Doğmadan lanetlenen kadınlardır onlar.
khaled hosseini'nin ağlatan, insanın içini parçalayan kitabıdır. bir diğeri de uçurtma avcısı'dır. iki kitabı üst üste okumuş biri olarak şiddetle tavsiye ederim. kitabı okurken meryem'in çektiklerine, leyla'nın acılarına ortak oluyorsunuz. afganistan'da yaşanan dramı görüyorsunuz.
bu kentin ne çatısını aydınlatan ayları sayabilirsin,
ne de duvarlarının gerisine gizlenen bin muhteşem güneşi...
hatırladığımda hala daha içime hüzün düşüren kitaptır. meryem gibi milyonlarca kadın olduğunu düşündükçe daha da parçalanıyor insanın içi.
"nereye giderseniz gidin, ülkeniz peşinizden gelir. artık siz orada yaşamasanız da o içinizde yaşar." ayrıca isimlerin sonuna 'co' eklemek kitabın başlıca yan etkilerindendir.'co' farsça bir sözcük olup, sevgili manasında kullanıldığı tahmin edilmektedir.
taliban yönetiminde bir devlet. bir yanda gayri- meşru 'harami' meryem. çocukluğundan başlayan talihsiz hayatı, bir aileye duyduğu özlem, zorunlu yapılan bir evlilik, hiç bir zaman sevilmeyen, cahil, köylü kızı, güzel bile sayılamayacak uzun yüzlü 'volga' meryem.

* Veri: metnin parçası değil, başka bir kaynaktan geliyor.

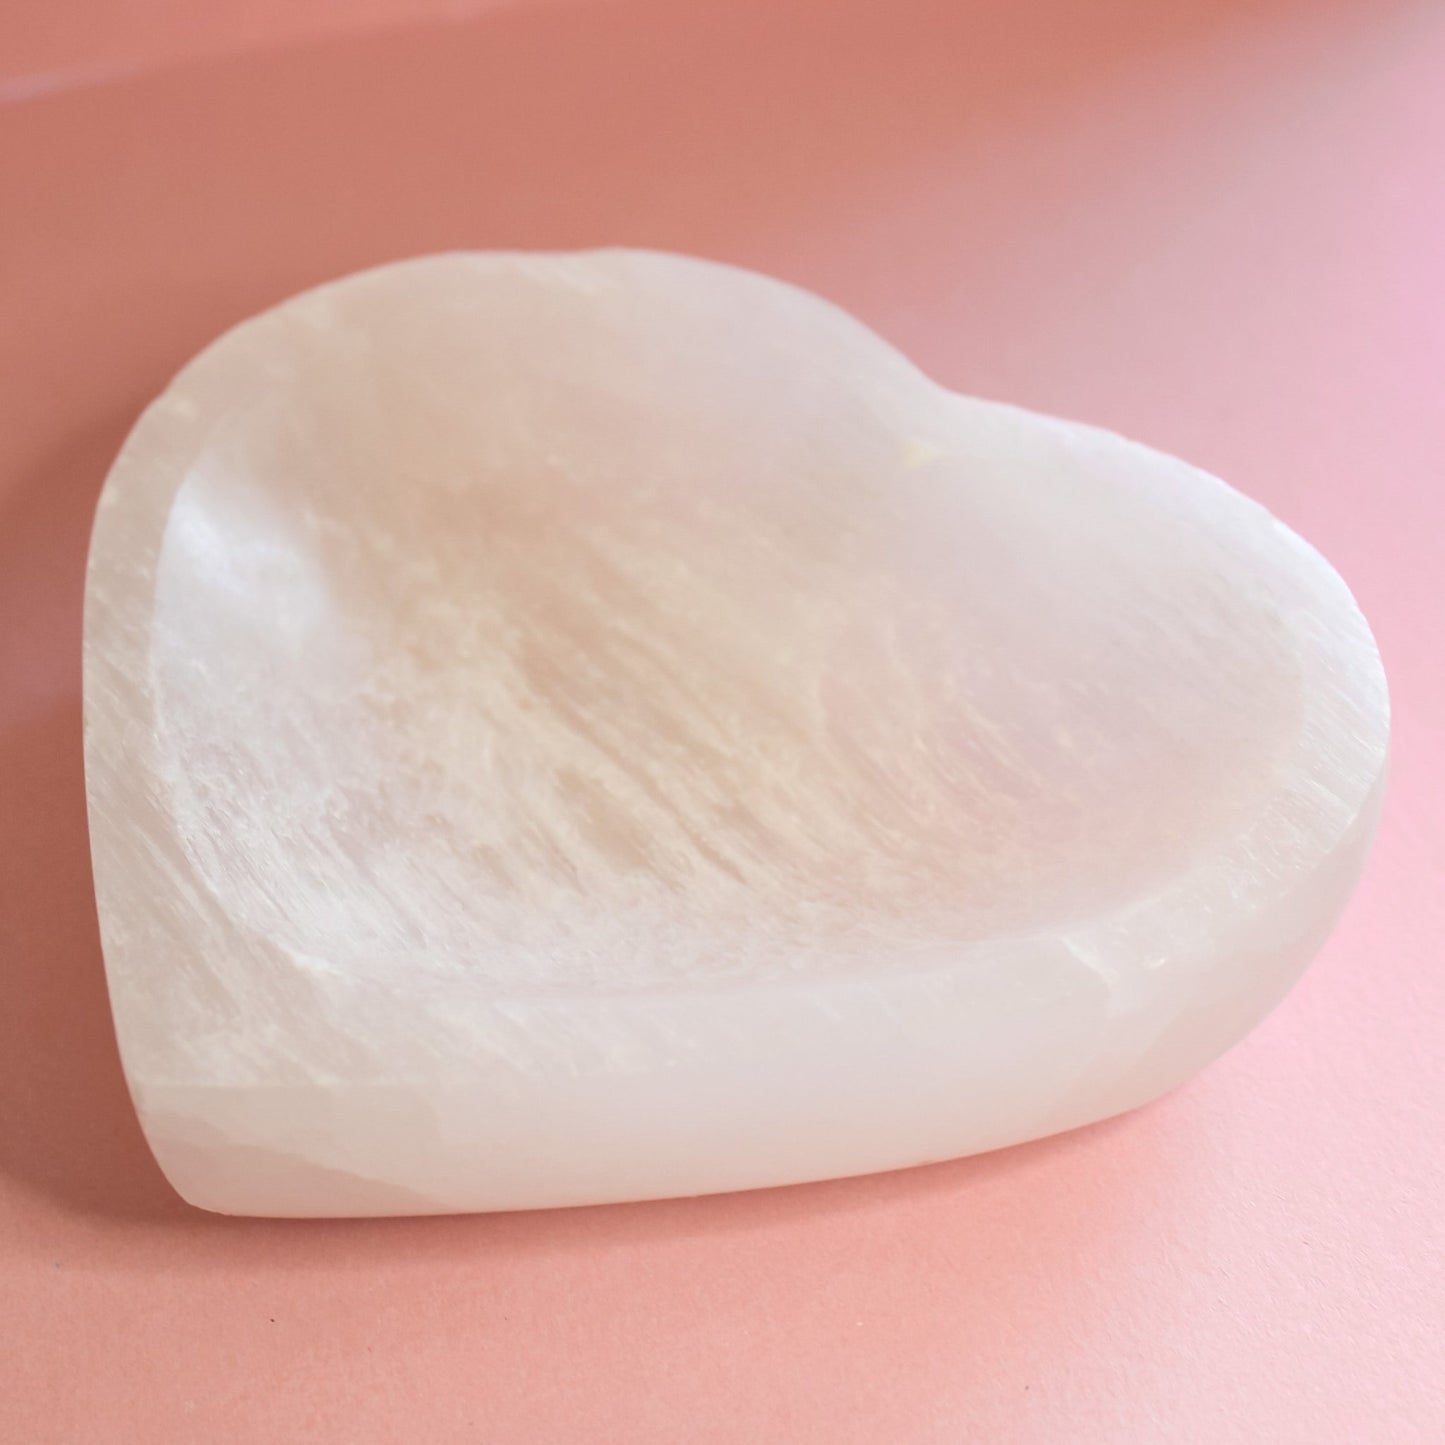 Satin Spar Heart Dish - Conscious Crystals New Zealand Crystal and Spiritual Shop
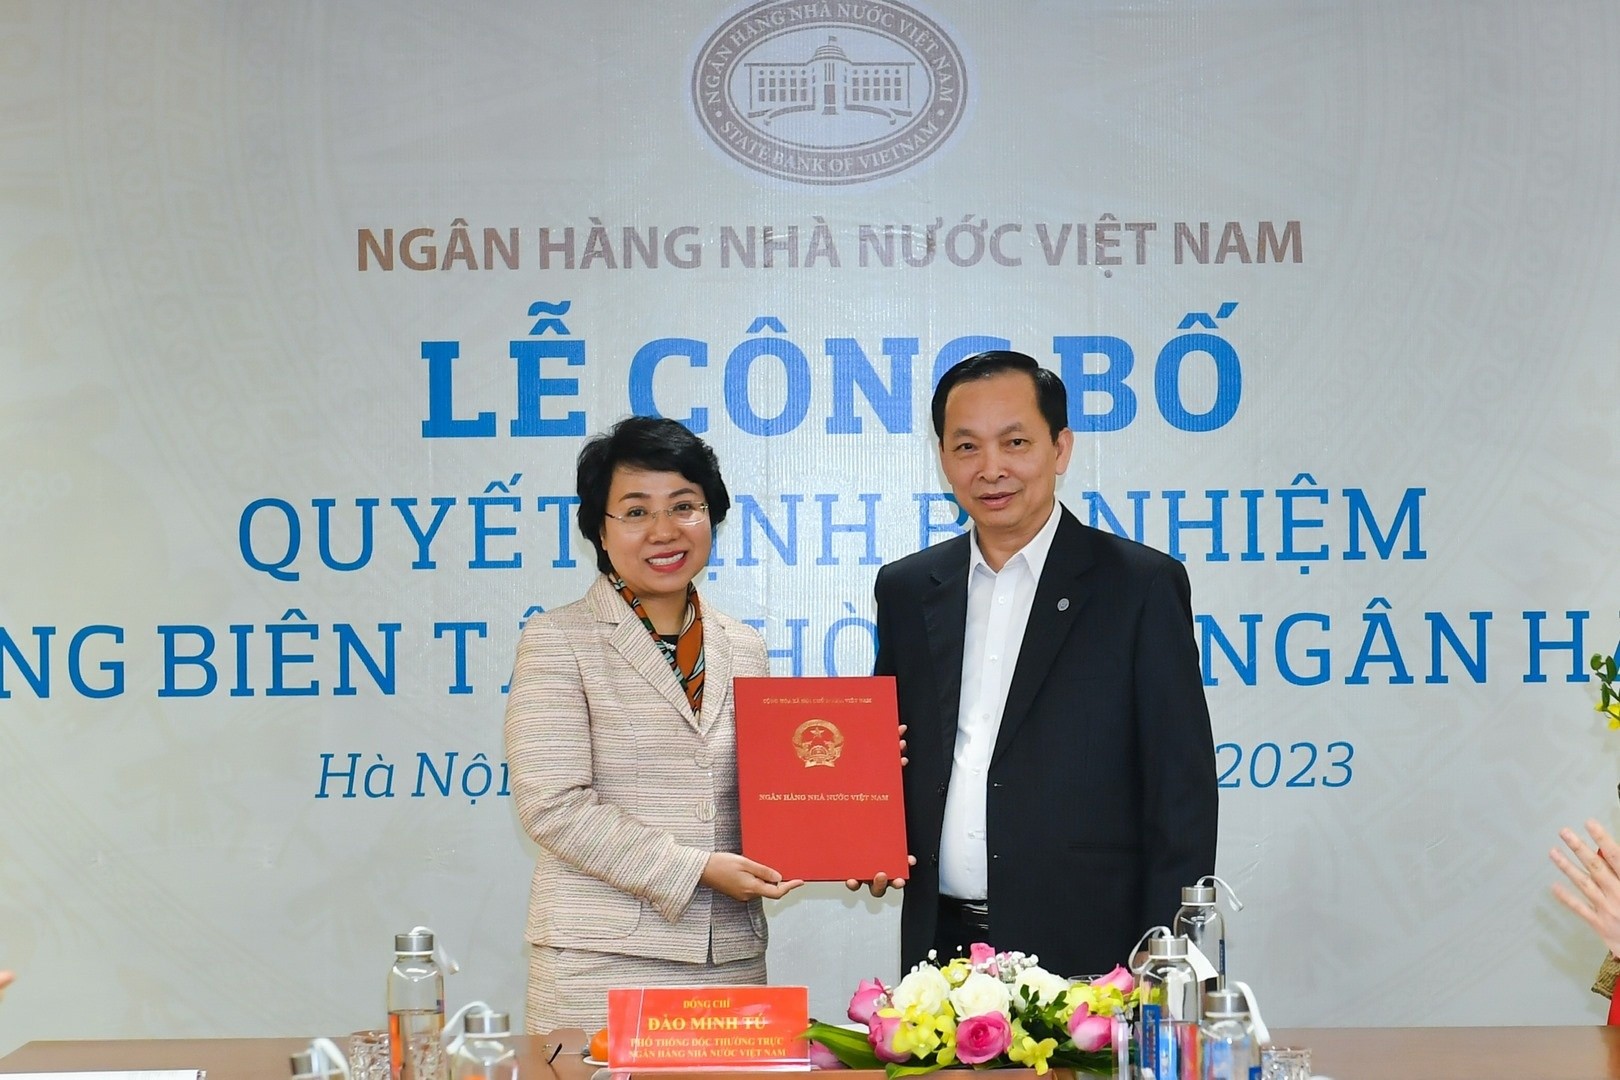 Bà Hoàng Thanh Nhàn được bổ nhiệm Tổng Biên tập Thời báo Ngân hàng

öte yanda ise öğretmen bir babaya modern bir anneye sahip, okullu, zeki, melekleri kıskandıracak güzellikte, gerçek aşkı tatmış 'benz' leyla.
savaşın soğuk yüzü, ölen insanlar, dağılan aileler.. kaderlerine boyun eğen iki kadının kesişen hayatları. çaresizlik içinde birbirlerine kenetlenmeleri. şeriat yönetimindeki afganistan' da kadının değersizliği, tabular, kuma hayatı yalın bir şekilde göz önüne serilmiş.
en acıklı kısım meryem' in infaz edilişi ve leyla' nın meryem' in doğduğu evi ziyareti. celil' in meryem' e bıraktığı video kasetteki pinokyo çizgi filmi ise en alıcı bölümdü.
khaled hosseini' nin anlatışı o kadar gerçekçi, duygu dolu ki sizi içine çekmesi zor olmuyor. böylesine güzel, acıklı, yer yer lanet ettiren pişmanlıklarla dolu hikayeyi bir de o ustaca anlatımıyla harmanlayıp böylesine bir başyapıt ortaya koymuştur. kesinlikle okunduğunda pişman olunmayacak, herkesin kendi hayatını sorgulamasını sağlayacak güzide bir eser.
--spoiler--
pusulanın hep kuzeyi gösteren ibresi gibi bir erkeğin suçlayan parmağı da daima, mutlaka bir kadını gösterir. her zaman. bunu hiç unutma, meryem.